How swift the developments in both electronic support measures and electronic counter measures is seen in how the still nascent stealth technology weapons platforms, be they airborne or seaborne have become amenable to detection. Hence the need for jammers remains whether it is for warding off aerial threats or for helping ships to decoy away or disrupt the direction of missiles aimed at them.
The example of Serbia which was part of the former Yugoslavia in the throes of separation managed its warfighting resources well enough to be able to detect the vaunted US Lockheed F-117 stealth fighter and shot it down to the consternation of the entire western world. It highlighted one grim aspect that stealth technology alone is not sufficient to save major weapons platforms from detection and destruction but they must retain the ability to jam and decoy missiles or disrupt air defence ground environment systems (ADGES) for their survival.
Counter systems
More and more this facility is being incorporated by nations that have generated UAV technology to include in these smaller platforms enhanced capabilities to detect electromagnetic emissions across a large spectrum, create a compendium of such signals and jam them in the event of an outbreak of hostilities.
The technical capabilities of the active electronically scanned array (AESA) radar system lend itself admirably to disperse the jammer signal over a wider spectrum. The American experience in Afghanistan has brought forth studies on what is known as low-cost, rapidly deployable counter-communications system which is podded and capable of being carried around by a UAV.

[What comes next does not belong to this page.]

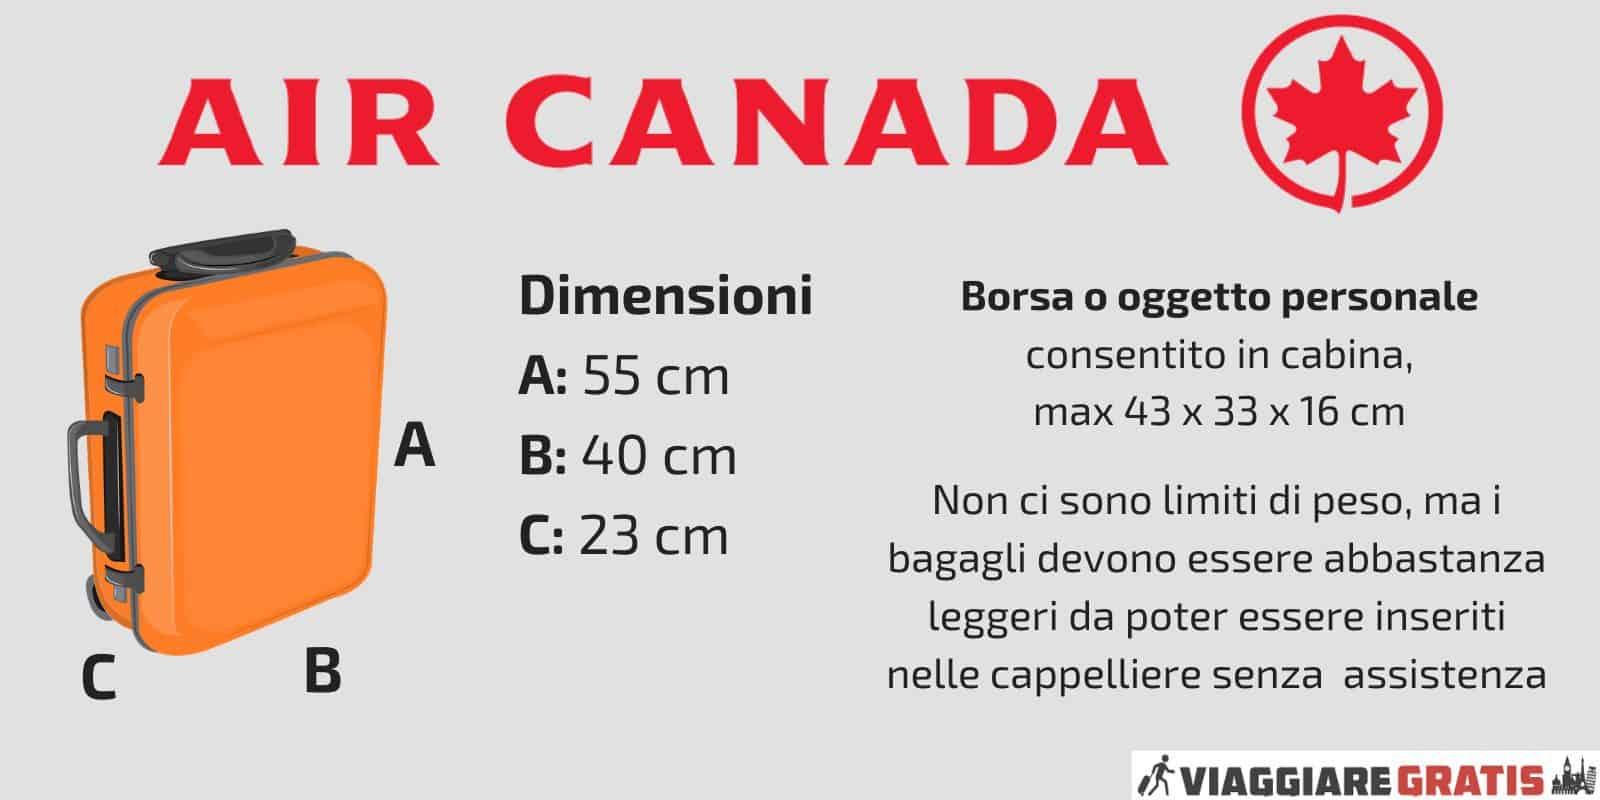 Bagaglio a Mano Air Canada

Broadband phased arrays that give a much broader frequency range are entering the market. Miniaturised UAVs capable of being dispersed over a wide area will degrade enemy ground based radar systems through attrition and complete blackout. Israel which is an acknowledged leader in UAV technology has developed applications that hitherto were integral parts of fighter aircraft like missile early-warning detectors and decoying the attacker away from the target aircraft.
Towed electronic counter measure pods are carried by some American fighter aircraft like the F-16s but the element of drag and consequent reduced manoeuvrability of acknowledged superior airframes has given way for dispersal of what is known as miniature air-launched decoys. They replicate the electronic signature of fighter aircraft well enough to attract the attention of enemy missiles and keeps them well away from fighter aircraft. The intention is to keep operational costs low and the ratio of missiles decoyed and deflected high so as to introduce greater cost-effectiveness on the battlefield.

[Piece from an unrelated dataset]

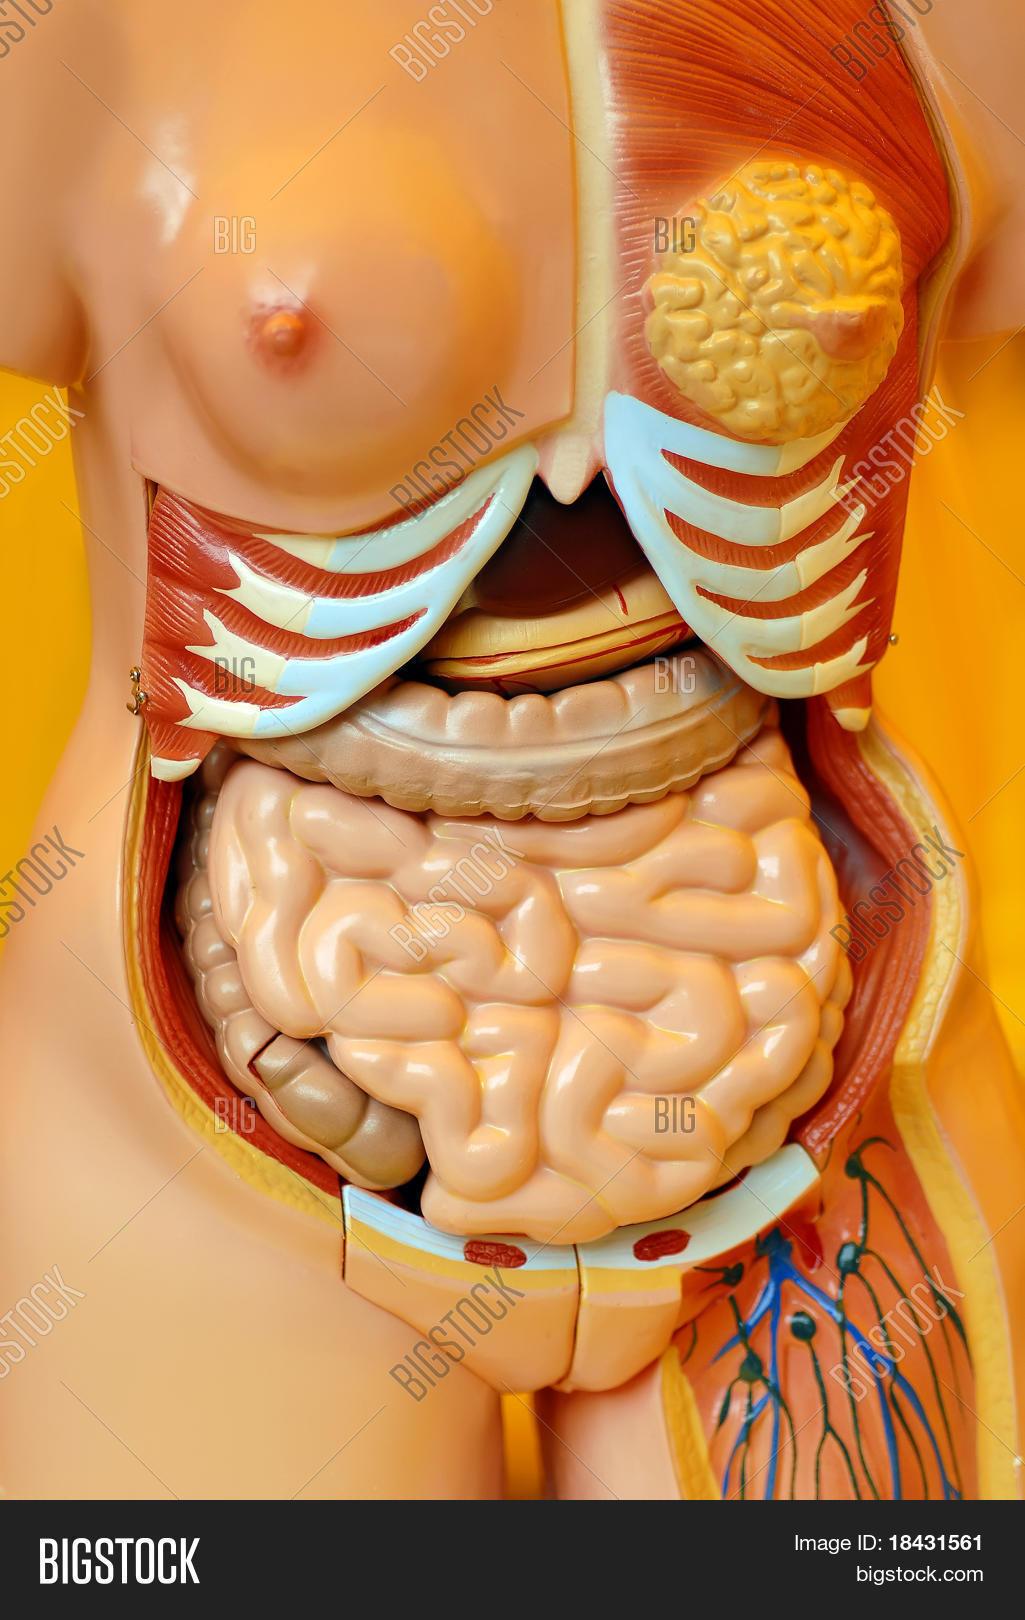 Organs Inside Female Image Photo Free Trial Bigstock

India’s own UAVs are at a nascent stage and though the Nishant is operational it does not have the sophistication that is already apparent in the area of airborne electronic counter-measures and decoying capability.
It needs to be recalled that it is not just the missiles that will need to be detected and decoyed, the battlefield is fast acquiring a cyber dimension which will require it to be included in the airborne electronic counter-measure suite.